Part 1: Boolean operator review

In EDS 212, we learned about Boolean operations and logic - the land of TRUE and FALSE. Boolean operations are ubiquitous in scientific programming. Whether looking for string pattern matches, comparing values, or filtering data frames, Boolean operators show up all the time - and even if we aren’t writing them explicitly, are working behind the scenes.

Let’s refresh some basic Boolean (logical) operators for programming:

# Create some objects (let's say these are tree heights)
pinyon_pine <- 14
lodgepole_pine <- 46

# Some logical expressions: 
pinyon_pine == 10 # Exact match?
## [1] FALSE
pinyon_pine < lodgepole_pine # Less than?
## [1] TRUE
lodgepole_pine >= 46 # Greater than or equal?
## [1] TRUE
pinyon_pine != 25 # Not equal to? 
## [1] TRUE

Part 2: Conditionals

We write conditionals to tell a computer what do to based on whether or not some conditions that we set are satisfied.

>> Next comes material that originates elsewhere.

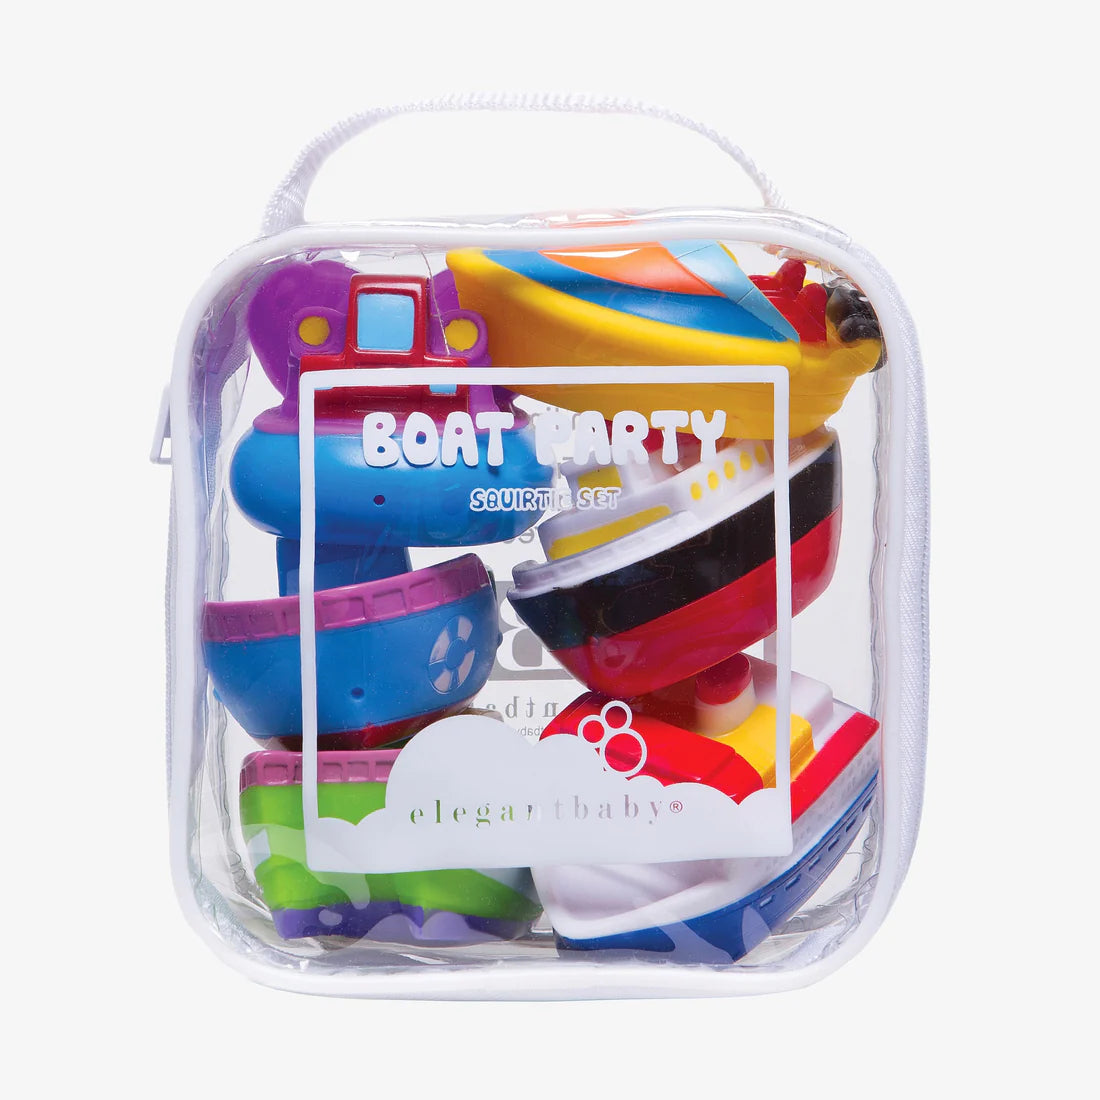 Boat Baby Bath Toy Set

For example, we may want to use conditionals to:

  • Only keep observations from counties with median home value > $600,000

  • Re-categorize farms as “moderate implementation” if they implement between 4 and 8 best management practices for mitigating nutrient runoff

A basic if statement

The fundamental conditional statement is an if statement, which we can read as “If this condition is met, then do this.”

An example in R:

burrito <- 2.4 # Assign an object value

# Write a short 'if' statement:
if (burrito > 2) {
  print("I love burritos!")
}
## [1] "I love burritos!"

Try changing the value of burritos to 1.5. What is returned when the if statement condition isn’t met?

This is important: for a solely “if” statement, there is no “else” option. So nothing happens if the condition isn’t met.

In Python:

burrito = 2.4

if burrito > 2:
  print("I love burritos!")
  
## I love burritos!

An example with strings:

Here, we’re using a new function from the stringr package: stringr::str_detect(). First, let’s learn something about how str_detect() works (see ?str_detect() for more information).

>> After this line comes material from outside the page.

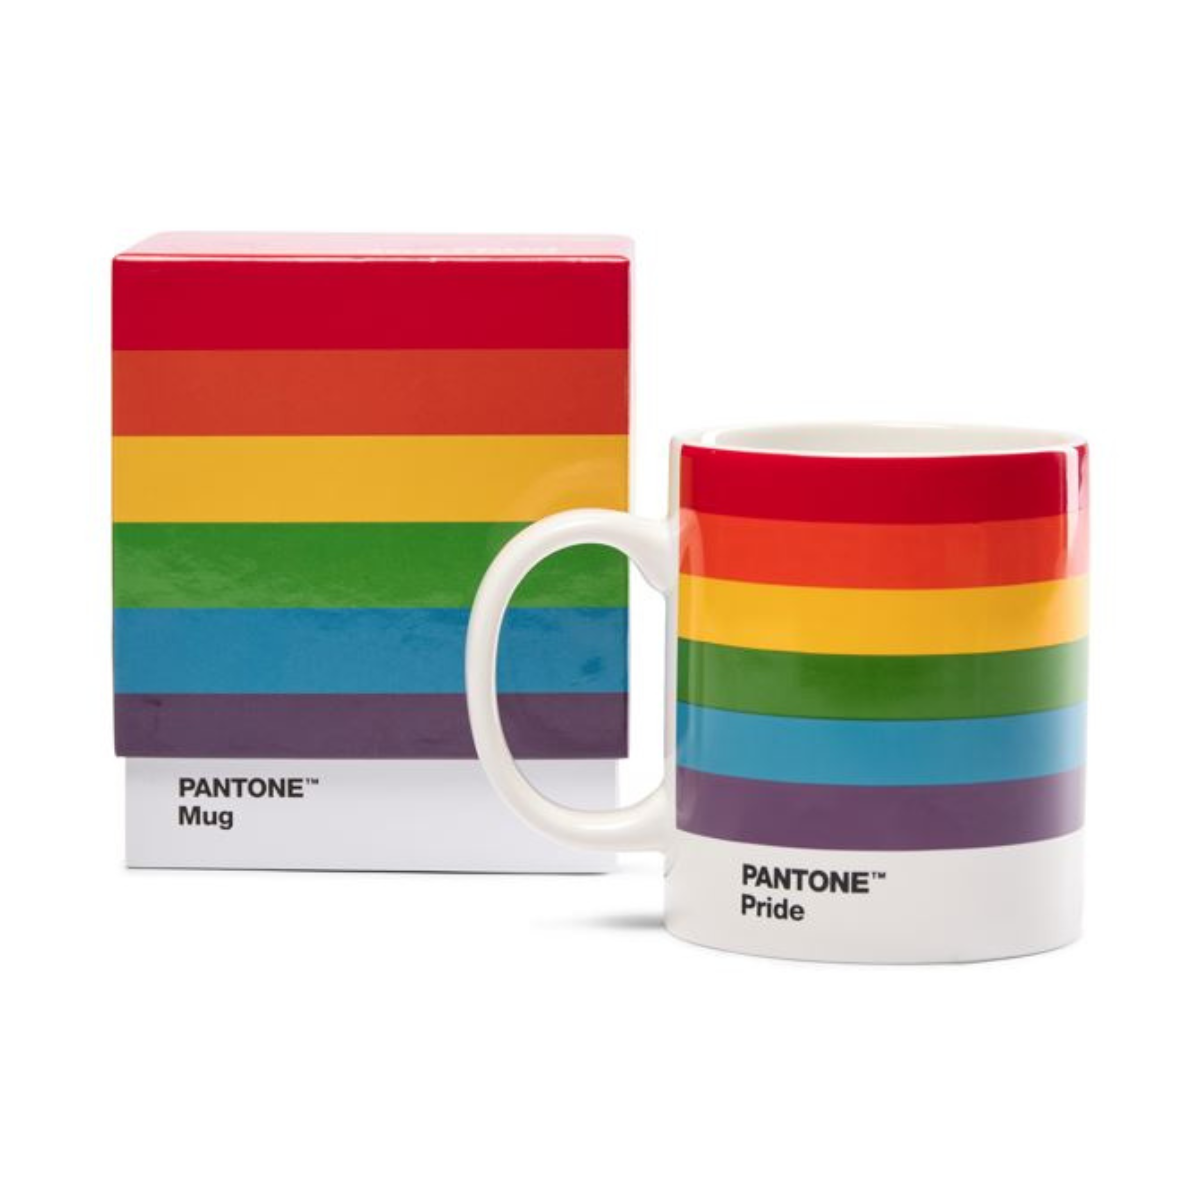 Pantone Pride Mug in Gift Box

str_detect() “detects the presence or absence of a pattern in a string.” For example:

my_ships <- c("Millenium Falcon", "X-wing", "Tie-Fighter", "Death Star")
str_detect(my_ships, pattern = "r") # Asks: which elements in the vector contain "r"
## [1] FALSE FALSE  TRUE  TRUE

Notice that it returns a logical TRUE or FALSE for each element in the vector, based on whether or not they contain the string pattern “r”.

Now let’s try using it in a conditional statement. Here, if a phrase contains the word “love”, return the phrase “Big burrito fan!” Otherwise, return nothing.

phrase <- "I love burritos"

if (str_detect(phrase, "love")) {
  print("Big burrito fan!")
}
## [1] "Big burrito fan!"

Try updating the phrase or string pattern in the code above to test different variations.

A basic if-else statement

In the examples above, there was a lonely “if” statement, which returned something if the condition was met, but otherwise returned nothing. Usually, we’ll want our code to return something else if our condition is not met. In that case, we can write an if-else statement. Here are a couple of examples:

In R:

pika <- 89.1

if (pika > 60) {
  print("mega pika")
} else
  print("normal pika")
## [1] "mega pika"

In Python:

pika = 89.1

if pika > 60:
  print("mega pika")
else:
  print("normal pika")
## mega pika

An example with strings:

food <- "I love enchiladas!"

if (str_detect(food, "burritos")) {
  print("yay burritos!")
} else
  print("what about burritos?")
## [1] "what about burritos?"

More options: if-else if-else statements

Sometimes there aren’t just two outcomes! In that case, you can specify different options using the if-else if-else structure. Several examples are shown below.

In R:

marmot <- 2.8

if (marmot < 0.5) {
  print("a small marmot!")
} else if (marmot >= 0.5 & marmot < 3) {
  print("a medium marmot!")
} else 
  print("a large marmot!")
## [1] "a medium marmot!"
marmot = 2.8

if marmot < 0.5:
  print("a small marmot!")
elif 0.5 <= marmot < 3: 
  print("a medium marmot!")
else: 
  print("a large marmot!")
## a medium marmot!

switch statements

A slightly more efficient tool is the switch() function, which allows you to “select one of a list of alternatives.” See ?switch for more information. This can be particularly useful for switching between different character strings, based on a condition or user selection.

In R:

species = "mouse"

switch(species,
       "cat" = print("Meow"),
       "dog" = print("Woof!"),
       "mouse" = print("Squeak"))
## [1] "Squeak"

Helpful functionals for conditional statements

As we get into Week 2 of EDS 221, we’ll learn other functions that make conditionals a bit more read and writable. For example, the dplyr::case_when() function is very helpful for writing vectorized if-else statements!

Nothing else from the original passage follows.